● Available data:
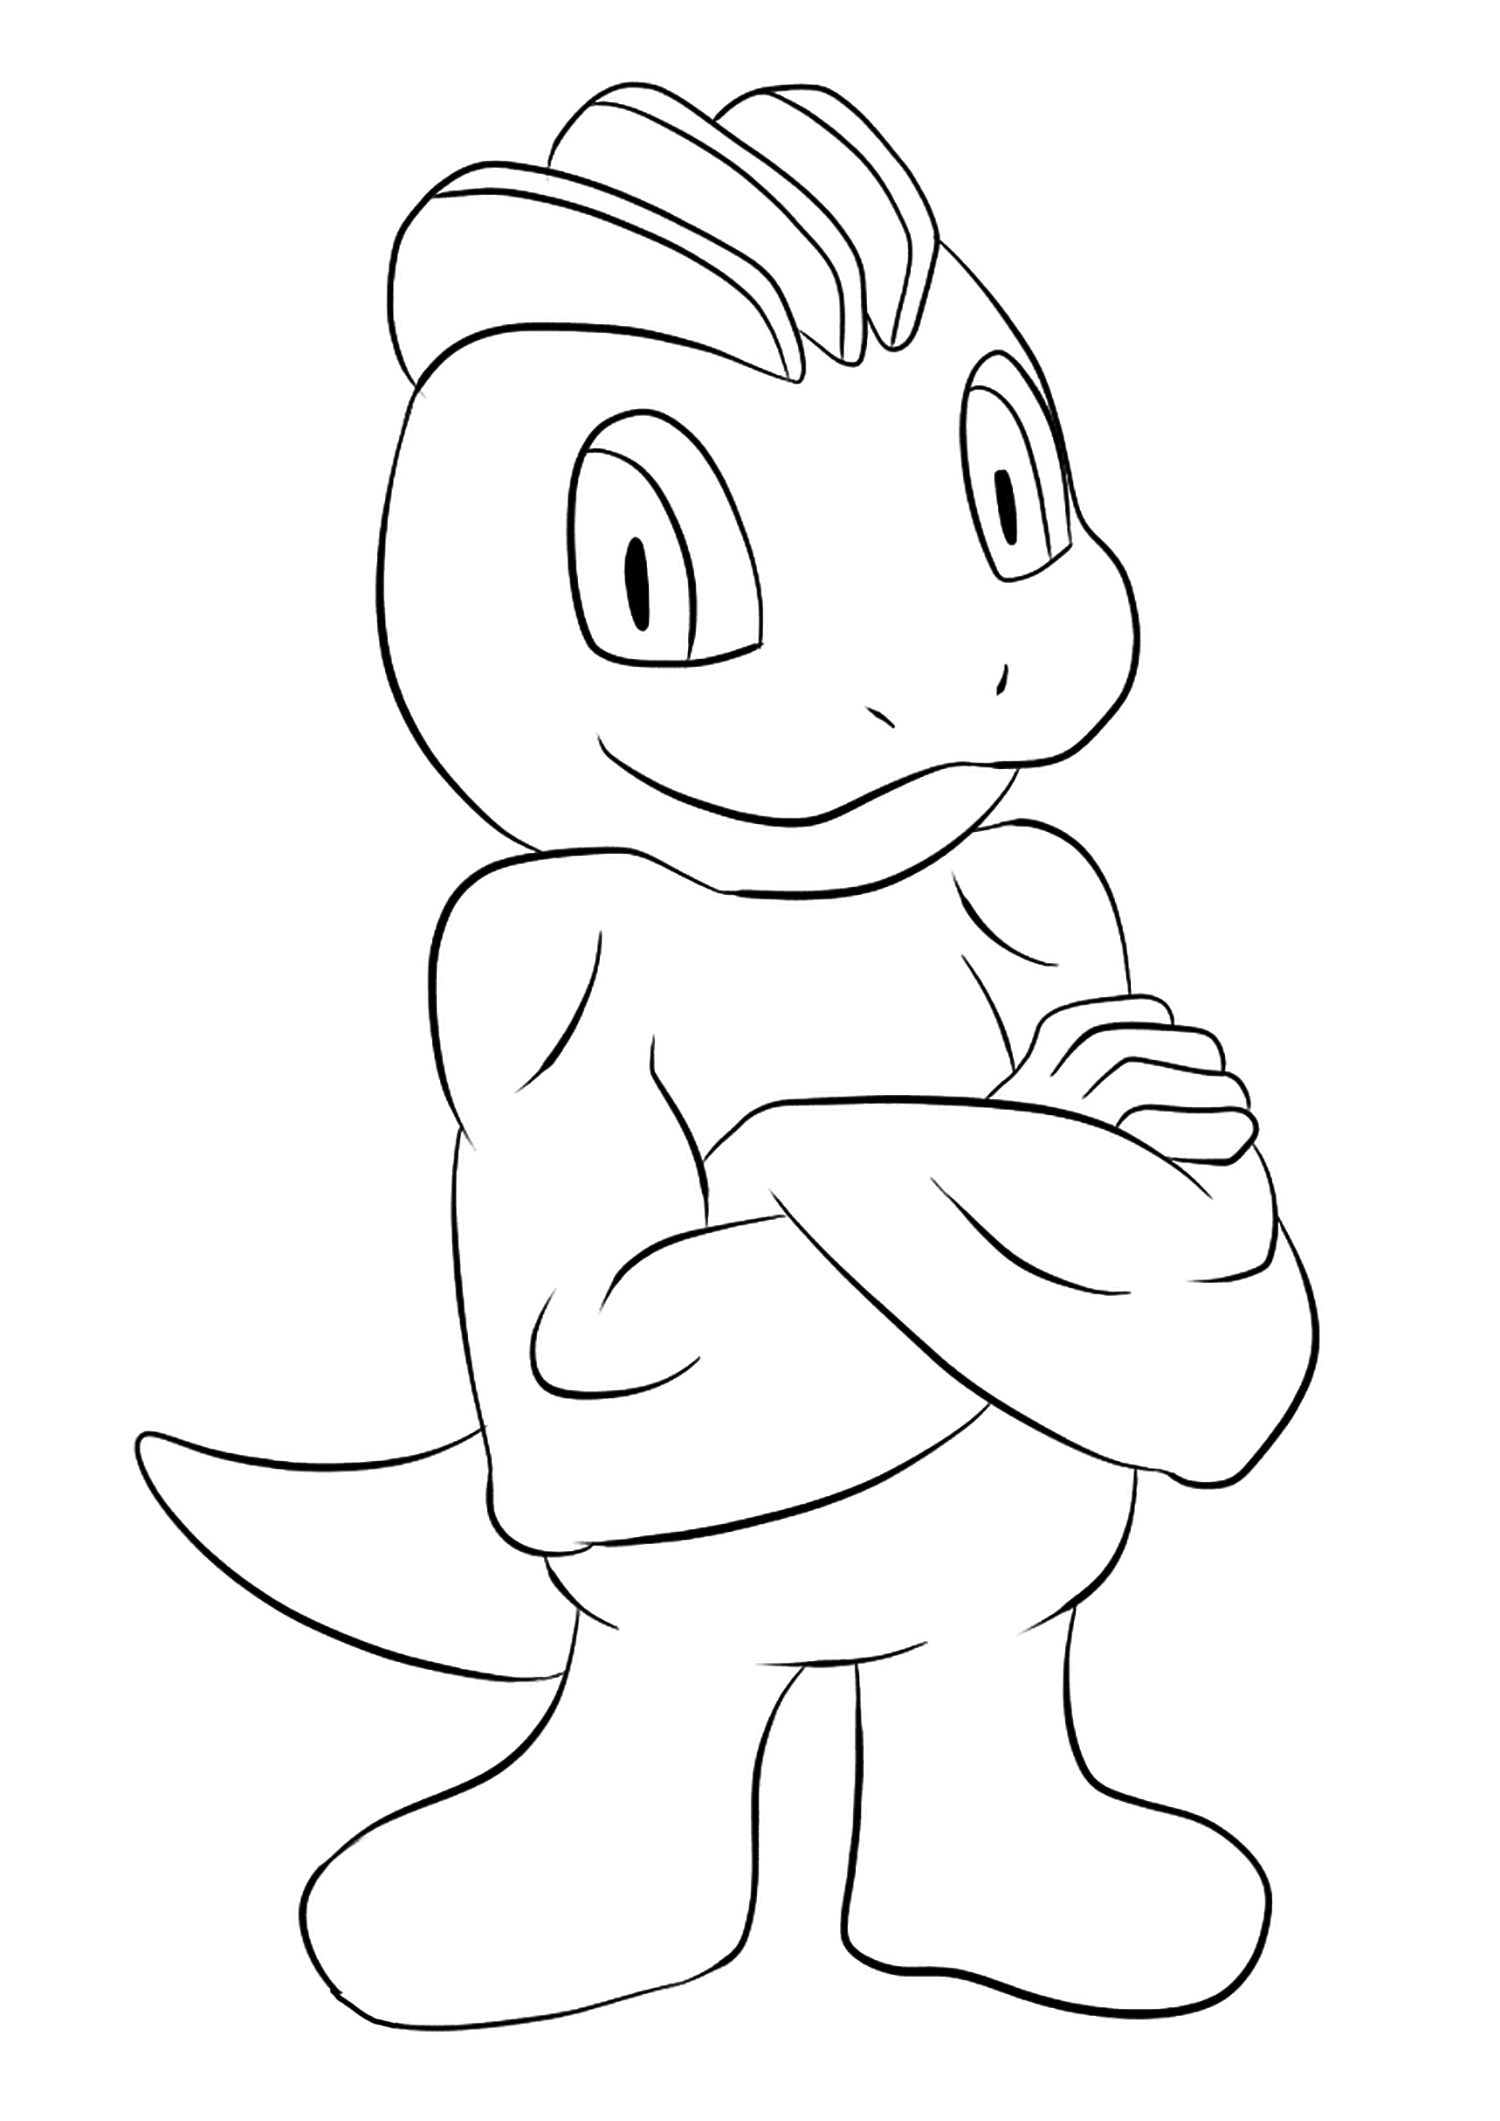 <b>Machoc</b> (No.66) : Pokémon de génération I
---
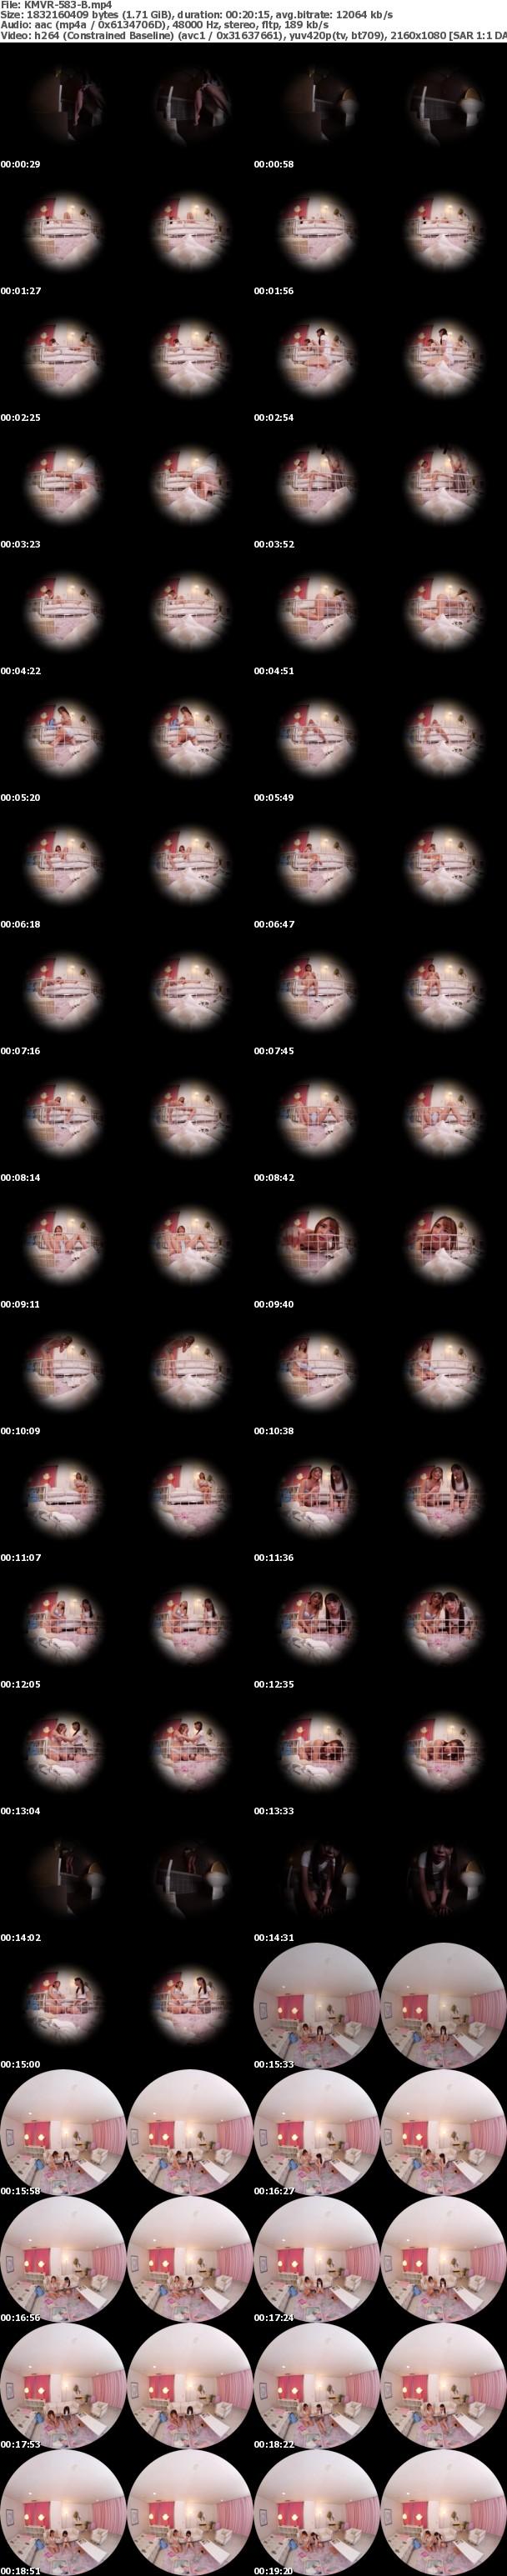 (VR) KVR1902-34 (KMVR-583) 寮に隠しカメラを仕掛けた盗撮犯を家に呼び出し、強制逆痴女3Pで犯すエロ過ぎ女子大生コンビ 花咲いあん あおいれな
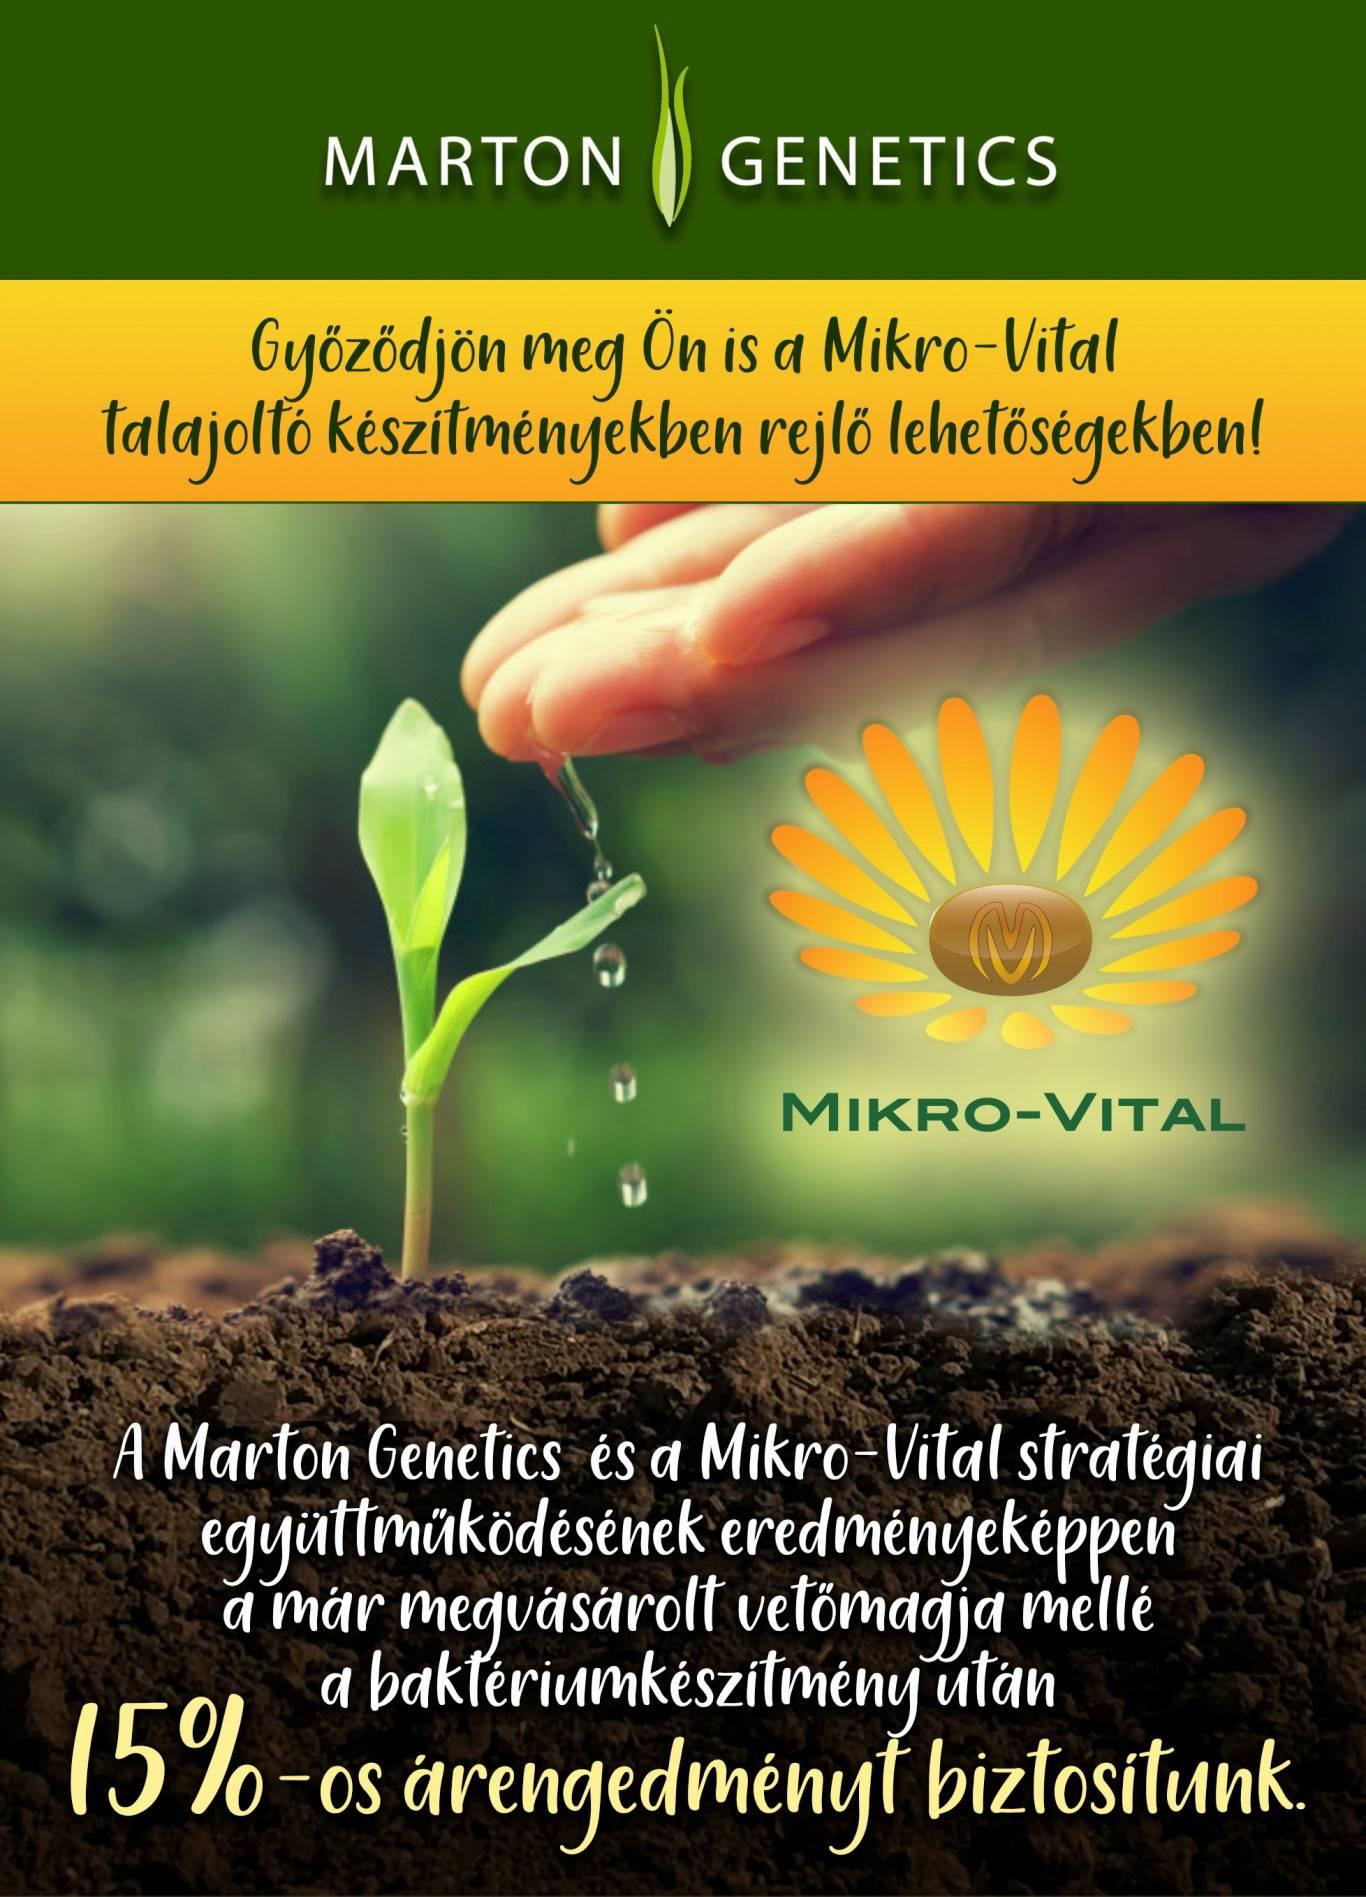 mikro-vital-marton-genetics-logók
--
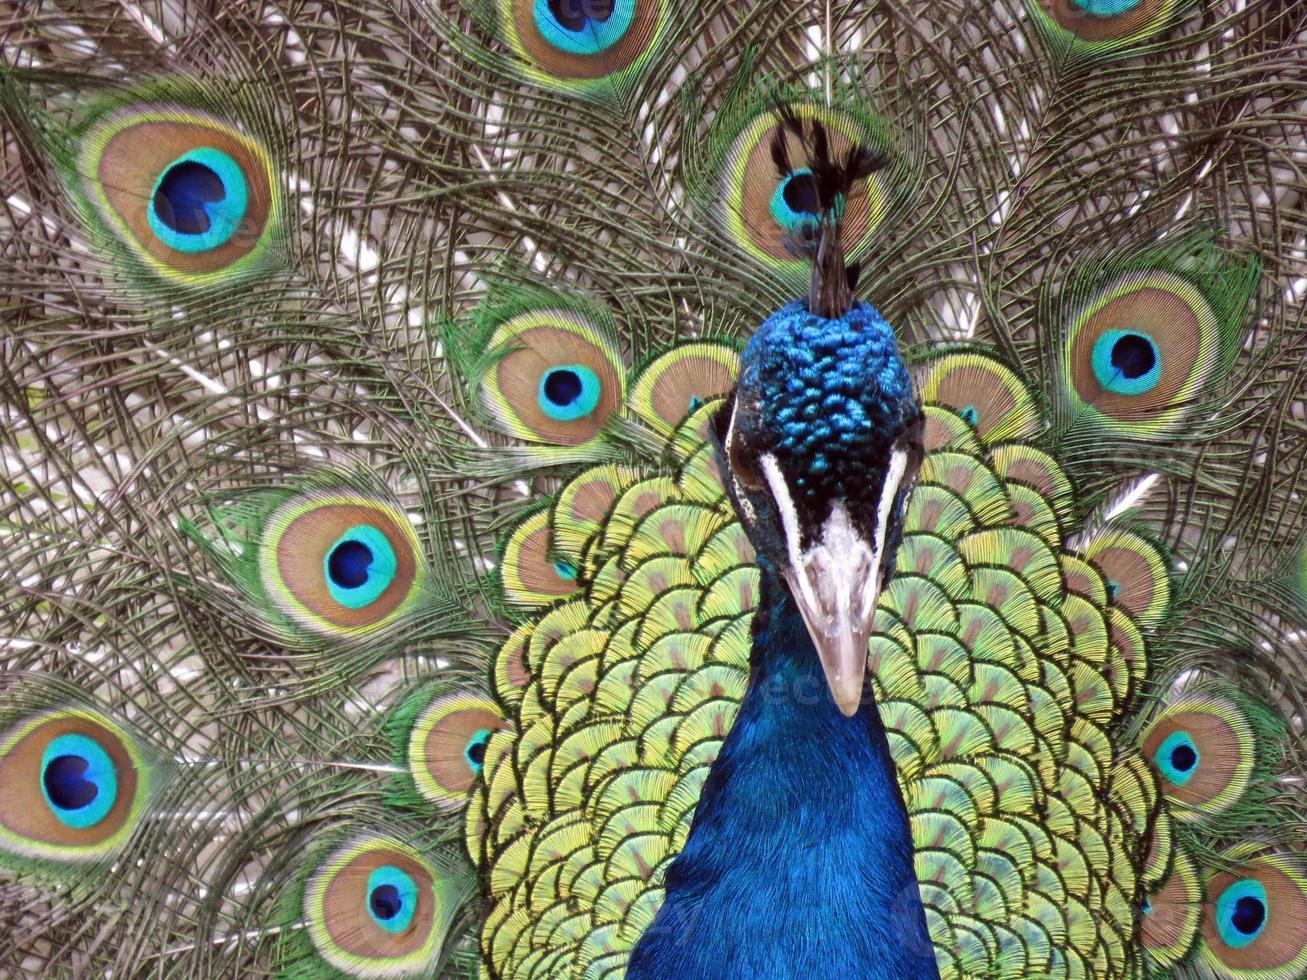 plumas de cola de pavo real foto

● Problem statement:
Starting at the line with "(VR) KVR1902-34 (KMVR-583)" in the entries above, write out every line exactly until the line with "mikro-vital-marton-genetics-logók" has been written. Include no pictures and nothing more.

● Result for this exercise:
 (VR) KVR1902-34 (KMVR-583) 寮に隠しカメラを仕掛けた盗撮犯を家に呼び出し、強制逆痴女3Pで犯すエロ過ぎ女子大生コンビ 花咲いあん あおいれな
 mikro-vital-marton-genetics-logók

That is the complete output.